City Files Notice of Appeal in DiCapua v. City of New York
New York City attorneys filed a notice of appeal today, after a decision that ordered the reinstatement with back pay of 10 teachers who were fired under the Department of Education vax mandate.
I published a piece on the DiCapua decision earlier today in which I speculated that the City would let the 10 teacher reinstatements ordered in the decision stand. Shortly after that, my guess was proven wrong when the City did in fact file a notice of appeal.
Michael Kane from Teachers for Choice, one of the 10 teachers who won reinstatement, broke the news.
I was betting that the City’s attorneys would treat this case the way they’ve been handling some individual lawsuits that ended in decisions granting the petitioner a religious exemption but denying constitutional claims. I thought they would probably take Porzio’s decision on the constitutional claims, cut their losses when it came to the reinstatements and back pay, and move on.
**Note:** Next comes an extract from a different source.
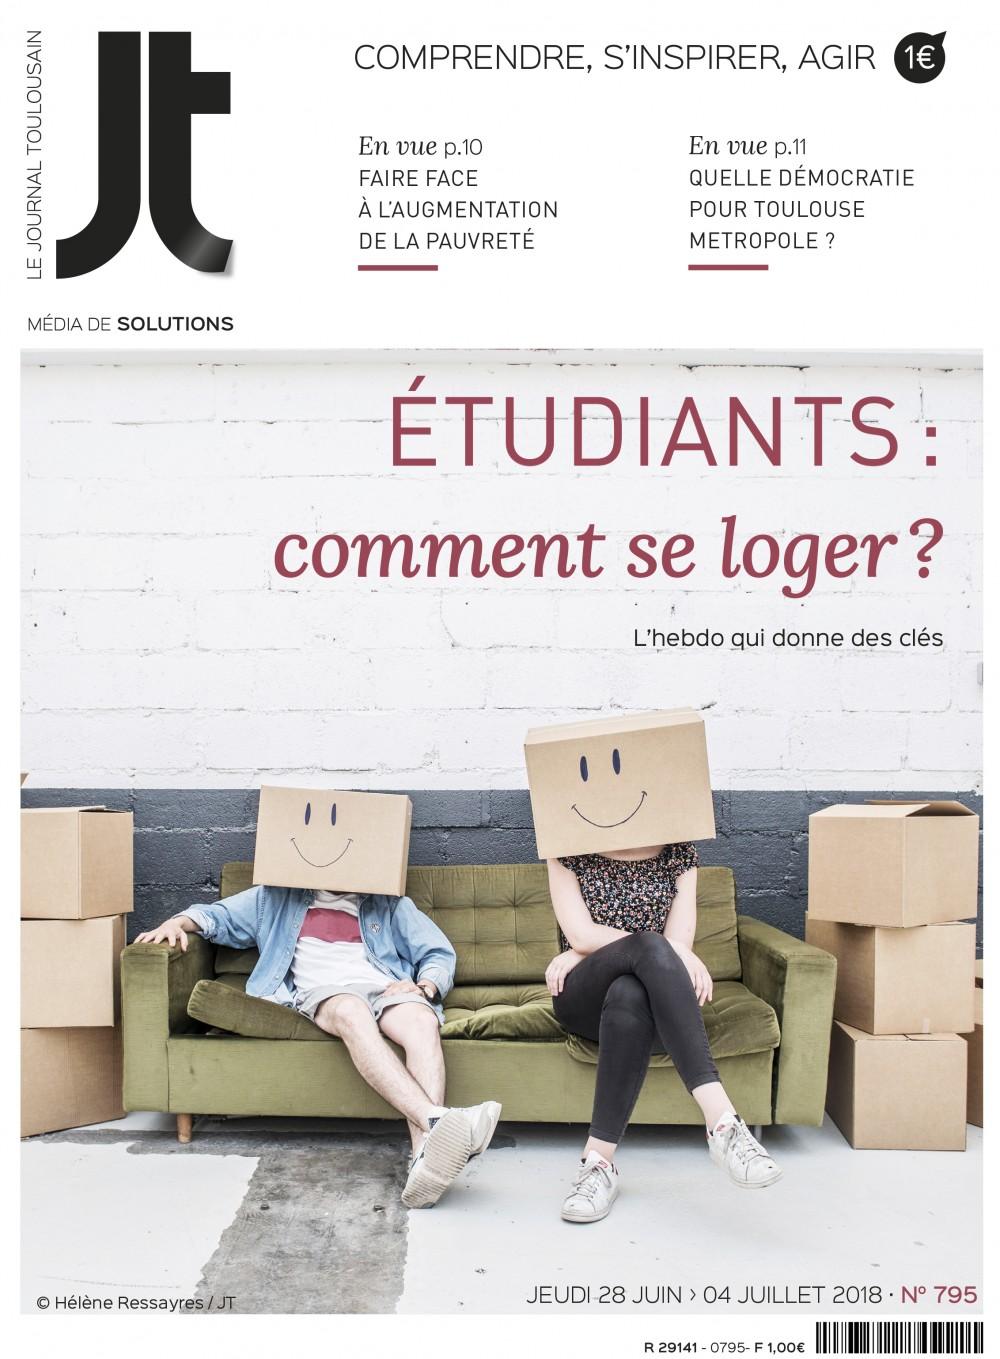 Une du Journal Toulousain 795

But it seems the City lawyers made a different calculation. It may be that the precedent set by the 10 reinstated teachers opened the door to too many individual lawsuits for their taste, or another group effort. Maybe they just think the appeals court will be more likely to rule decisively in their favor than Judge Porzio was.
Whatever their reasons, they’ve filed their notice, putting the DiCapua petitioners in the same boat as the Garvey petitioners before them—waiting for an appeal date that the City will likely do its best to push far into the future.
This is to be expected in a city that hosts Pfizer's headquarters.